Iterative gVCF Genotyper Analysis

Iterative gVCF Genotyper Analysis offers an iterative workflow to aggregate new samples into an existing cohort. The iterative workflow allows users to incrementally aggregate new batches of samples with existing batches, without having to redo the analysis from scratch across all samples every time when new samples are available. The workflow requires per sample gVCF files as input, and can be performed in a step-by-step mode if multiple batches of samples are available, or end-to-end mode, if only a single batch of samples is available.

Workflow steps

gVCF aggregation

Users can use iterative gVCF Genotyper to aggregate a batch of gVCF files into a cohort file and a census file. The cohort file is a condensed data format to store gVCF data in multiple samples, similar to a multisample gVCF. The census file stores summary statistics of all the variants and hom-ref blocks among samples in the cohort. When a large number of samples are available, users can divide samples into multiple batches each with a similar sample size (eg 1000 samples), and repeat Step 1 for every batch.

Census aggregation

After all per batch census files are generated, users can aggregate them into a single global census file. This step scales to aggregate thousands of batches, in a much more efficient way compared to aggregating gVCFs from all batches. When a new batch of samples becomes available users only need to perform Step 1 on the batch, aggregate the census file from the batch with the global census file from all previous batches, and generate an updated global census file.

msVCF generation

When a global census file is updated with new variant sites discovered and/or variant statistics updated at existing variant sites, the user can take per-batch cohort file, per-batch census file, and the global census file as input, and generate a multisample VCF for one batch of samples. The output multisample VCF contains the variants and alleles discovered in all samples from all batches, and also includes global statistics such as allele frequencies, the number of samples with or without genotypes, and the number of samples without coverage. Similar statistics among samples in the batch are also included. This step can be repeated for every batch of samples, and the number of records in each output multisample VCF is the same across all batches.

To facilitate parallel processing on distributed compute nodes the user can choose to split the genome into shards of equal size for each step, and process each shard using one instance of iterative gVCF Genotyper on each compute node. See option --shard.
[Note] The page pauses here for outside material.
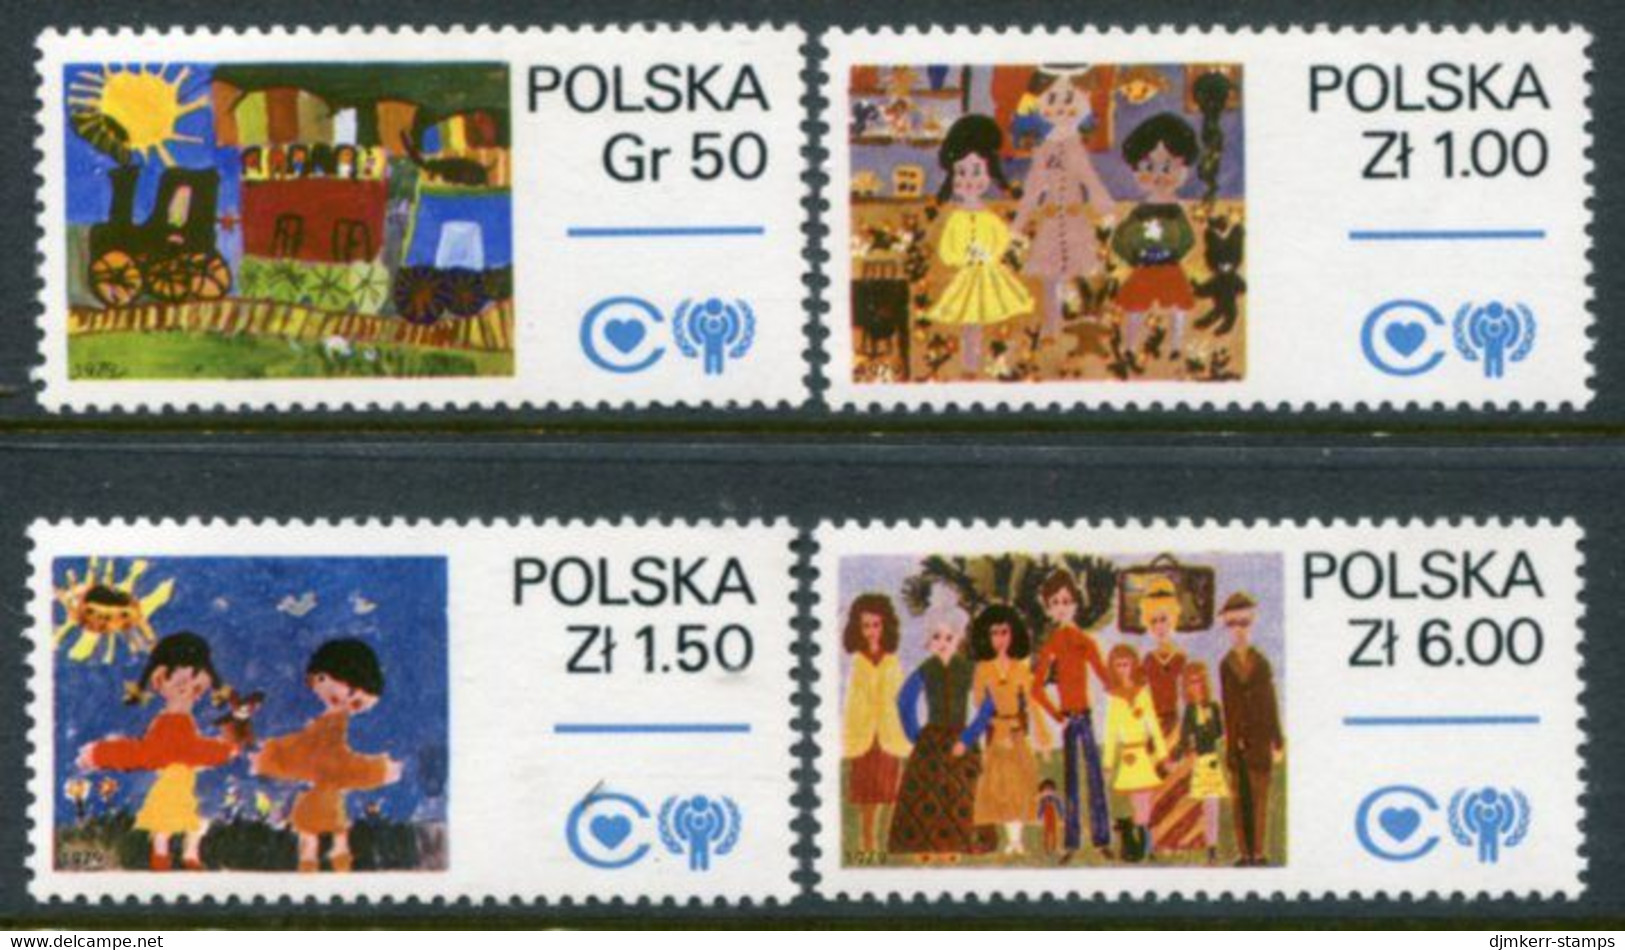 POLAND 1979 Year Of The Child MNH / **.  Michel 2603-06 - Unused Stamps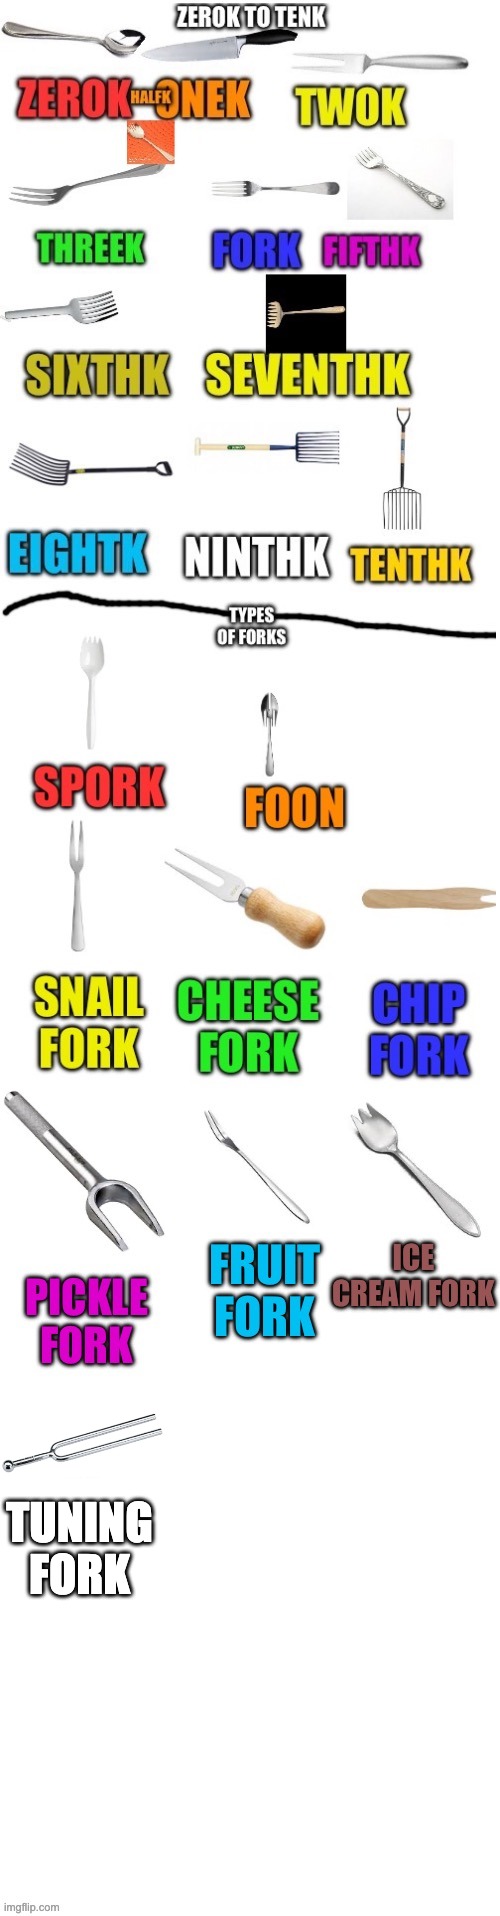 More Fork | TUNING FORK | image tagged in q | made w/ Imgflip meme maker

Command-line arguments common to all steps

--enable-gvcf-genotyper-iterative

Set to true to run the iterative gVCF genotyper (always required).

--ht-reference

The file containing the reference sequence in FASTA format (always required).

--output-directory

The output directory (always required).

--output-file-prefix

The prefix used to label all output files (optional, default value dragen).

--shard

Use this option to process only a portion (shard) of the genome, when distributing the work across multiple compute nodes. Provide the index (1-based) on the shard to process and the total number of shards, in the format n/N (eg 1/50 = shard 1 of 50 shards). To facilitate concurrent processing within each job, the shard will by default be split into 10x the number of available threads.

--gg-regions

if the --shard option is not given, use this option to run iterative gVCF genotyper only for a subset of regions in the genome. The same regions must be used for each step.

•

The value is a list of regions delimited by comma

•

Each region is processed by one thread on the same compute node

--gg-discard-ac-zero

If set to true, the gVCF Genotyper does not print variant alleles that are not called (hom-ref genotype) in any sample. The default value is true.

--gg-remove-nonref

Removes the <NON_REF> symbolic allele from the output of gVCF Genotyper. This option should be used to support downstream tools that cannot process VCF lines with <NON_REF> or to generate more concise msVCFs. Enabling this option forces the use of --gg-discard-ac-zero . The default is false.

--gvcfs-to-cohort-census	Set to true to aggregate gVCF files from one batch of samples into a cohort file and a census file.
--variant-list	The path to a file containing a list of input gVCF files, with the path to each file on a separate line.
--variant	if --variant-list is not given, use this option for each input gVCF file.

--aggregate-censuses	Set to true to aggregate a list of per batch census files into a global census file.
--input-census-list	The path to a file containing a list of input per batch census files (from Step1), with the path to each file on a separate line.

--generate-msvcf	Set to true to generate a multisample VCF for one batch of samples. Enabled by default if options are not selected for steps 1,2 or 3.
--input-cohort-file	The path to the per batch cohort file (from Step 1).
--input-census-file	The path to the per batch census file (from Step 1).
--input-global-census-file	The path to the global census file (from Step 2).

--variant-list	The path to a file containing a list of input gVCF files, with the path to each file on a separate line.
--variant	If --variant-list is not given, use this option for each input gVCF file.

--merge-batches	Set to true to merge msVCF files for a set of batches.
--input-batch-list	The path to a file containing a list of msVCF files to be merged, with the path to each file on a separate line. All the files listed must have been generated from the same global census file and all batches pertaining to that global census must be included in the merge.
--gg-enable-indexing	Set to true to generate a tabix index for the merged msVCF (default false).